Everything in the listing below must be reproduced exactly, apart from its images.

## [Information provided]
—————

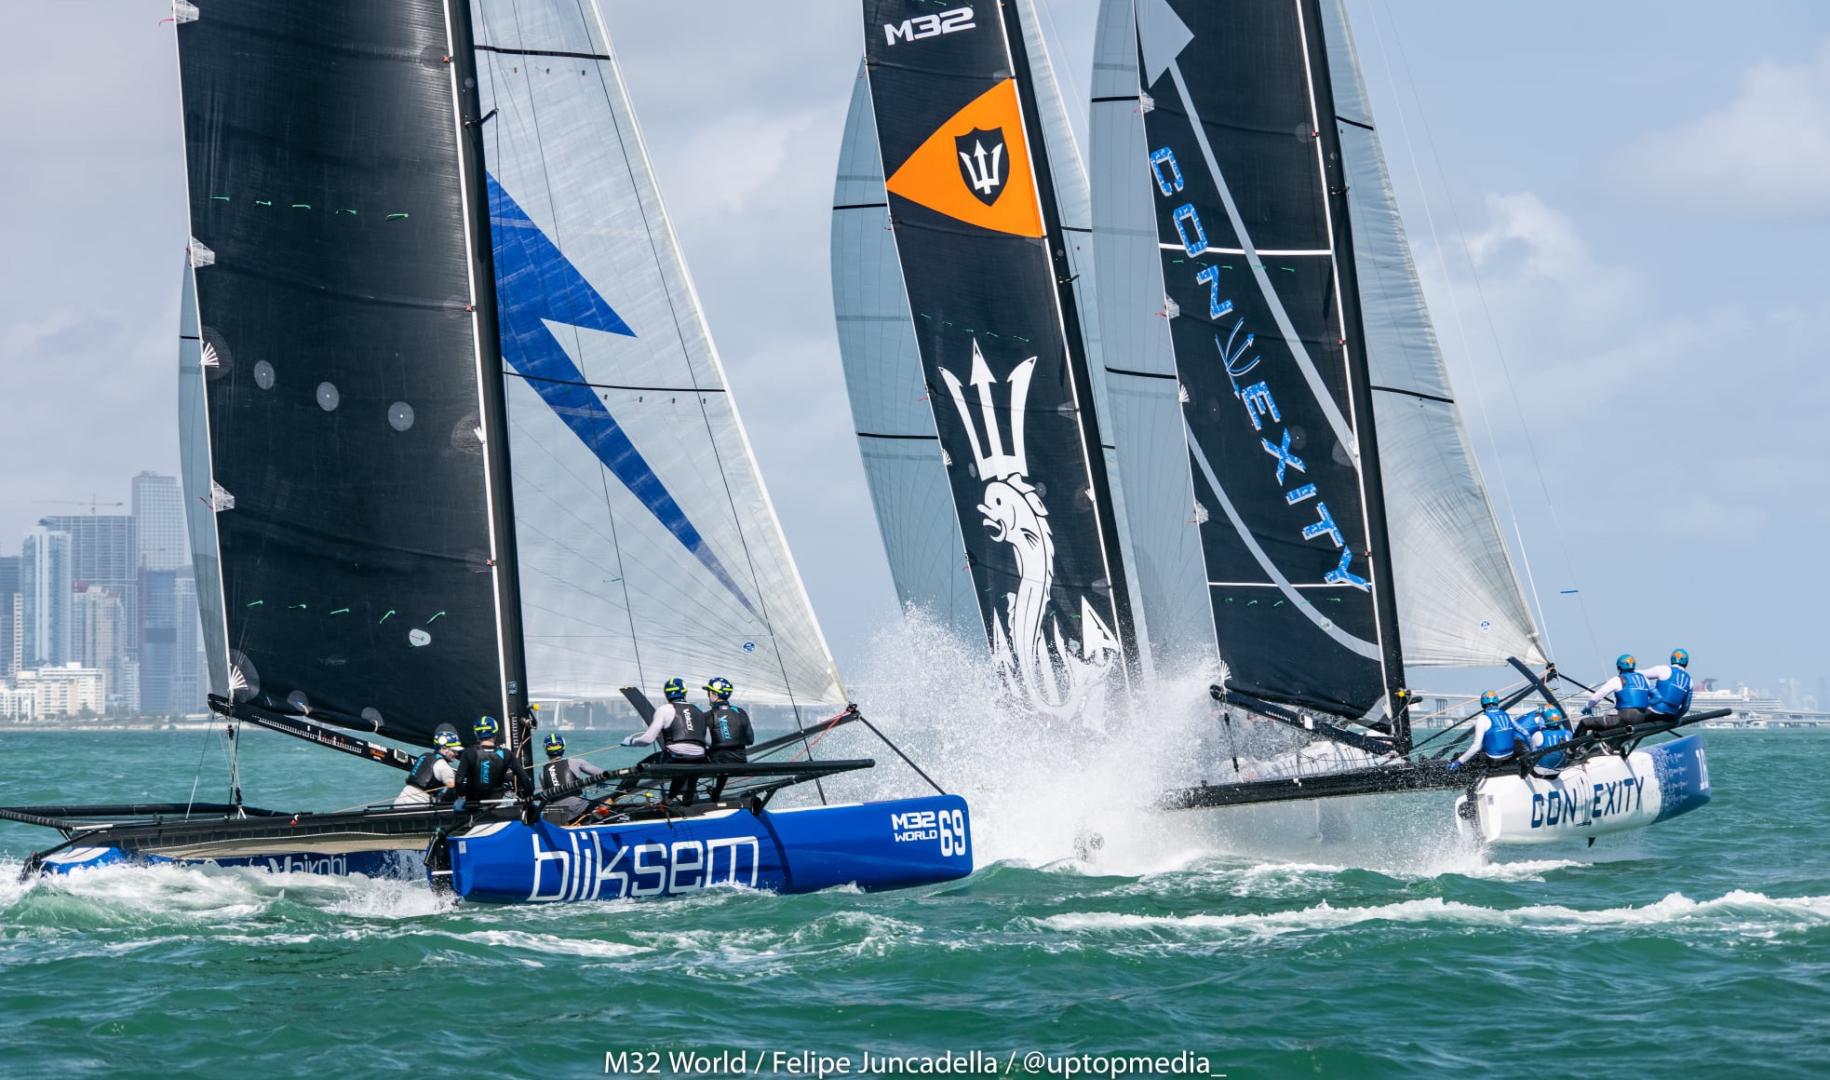 Last Race Decided Miami Winter Seriesran, throughout four weekends
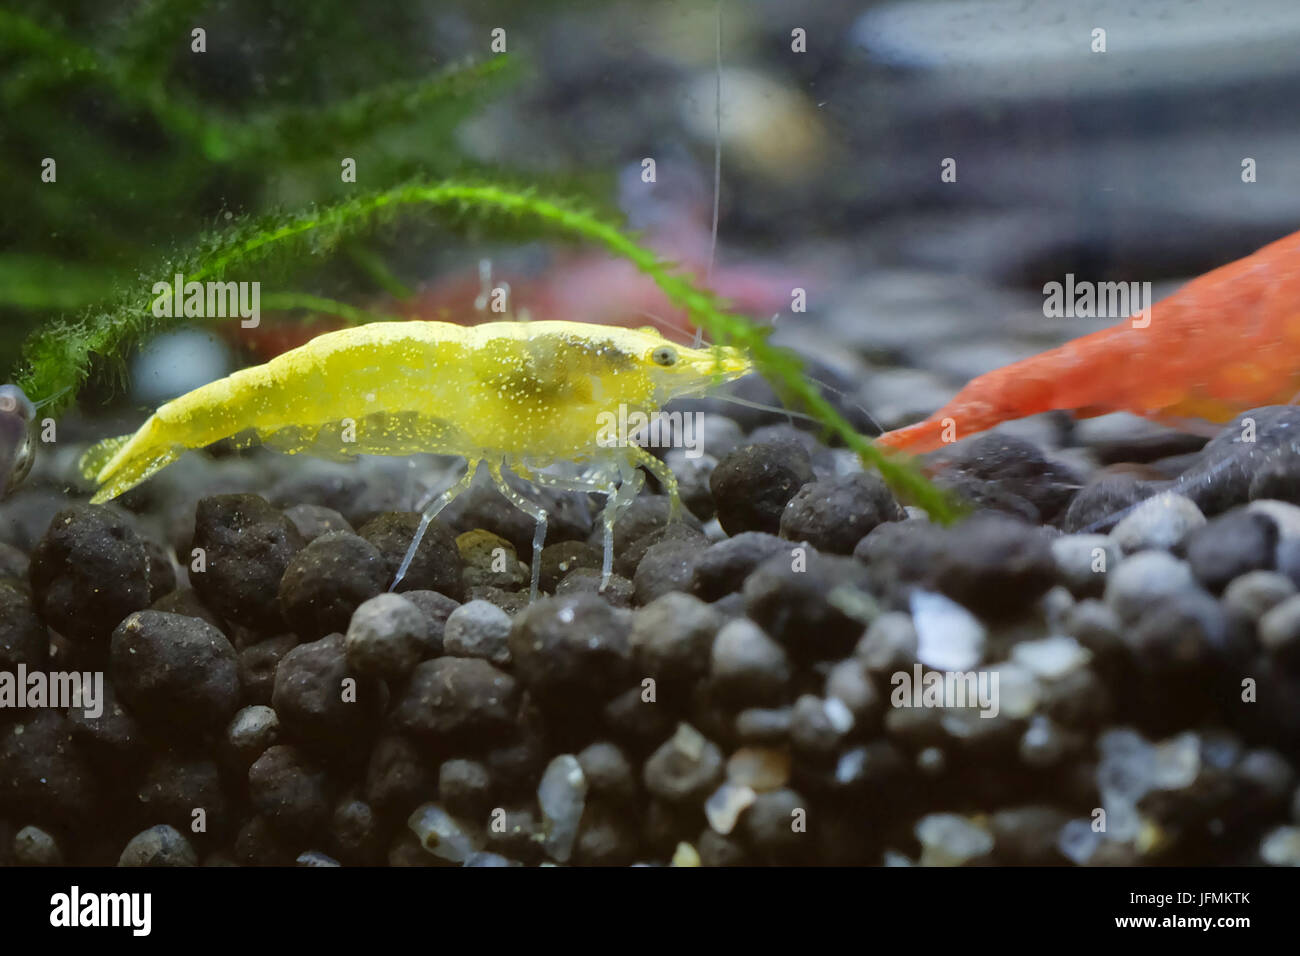 Portrait of a Golden Yellow Shrimp with a Red Cherry Shrimp Stock Photo
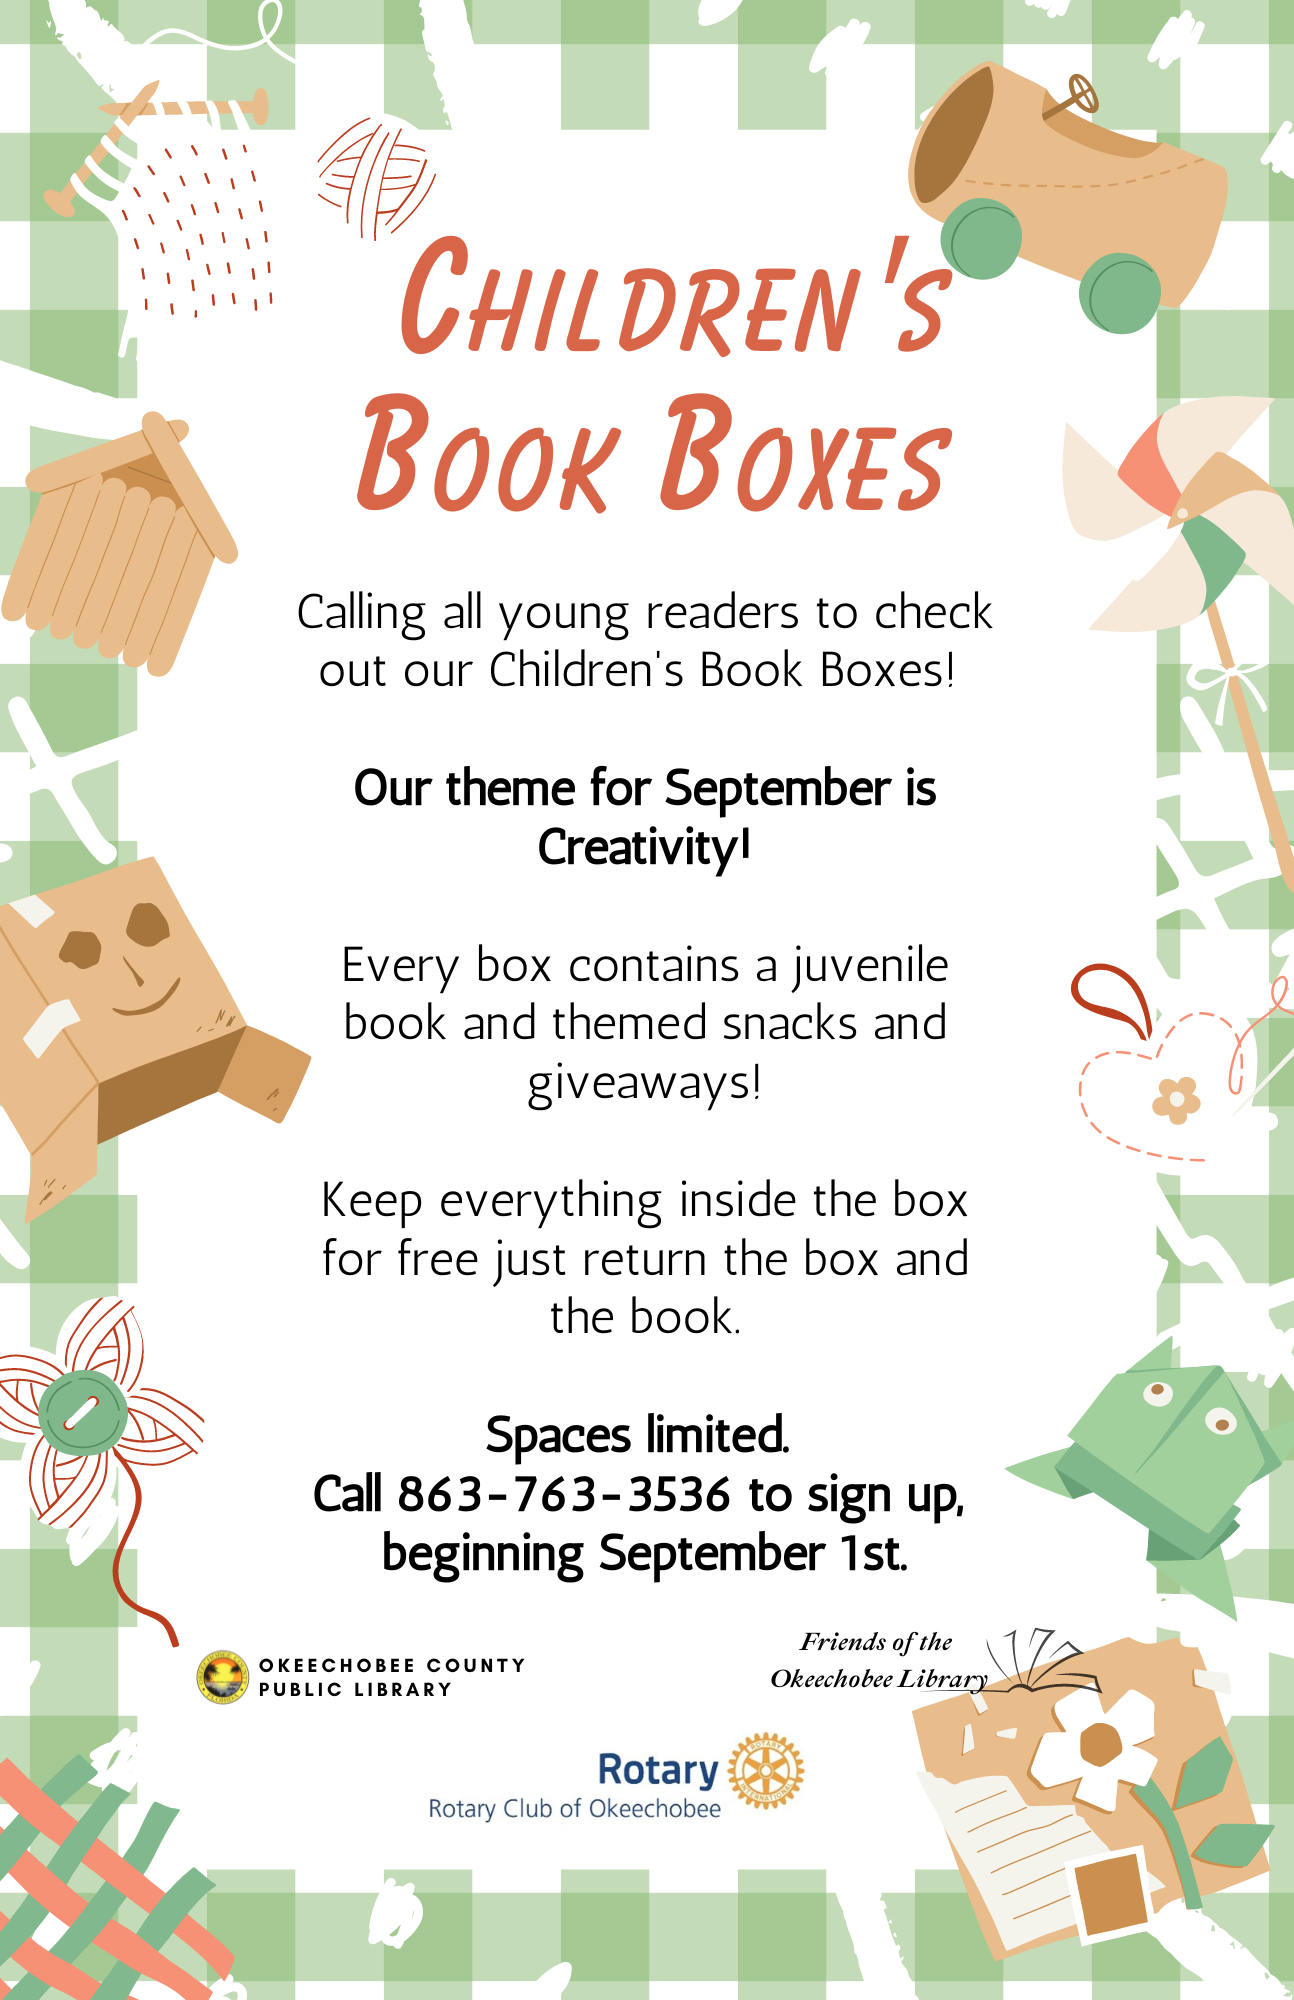 Every box contains a juvenile book and themed snacks and giveaways!

—————

## [Solution]
 Last Race Decided Miami Winter Seriesran, throughout four weekends
 Portrait of a Golden Yellow Shrimp with a Red Cherry Shrimp Stock Photo
 Every box contains a juvenile book and themed snacks and giveaways!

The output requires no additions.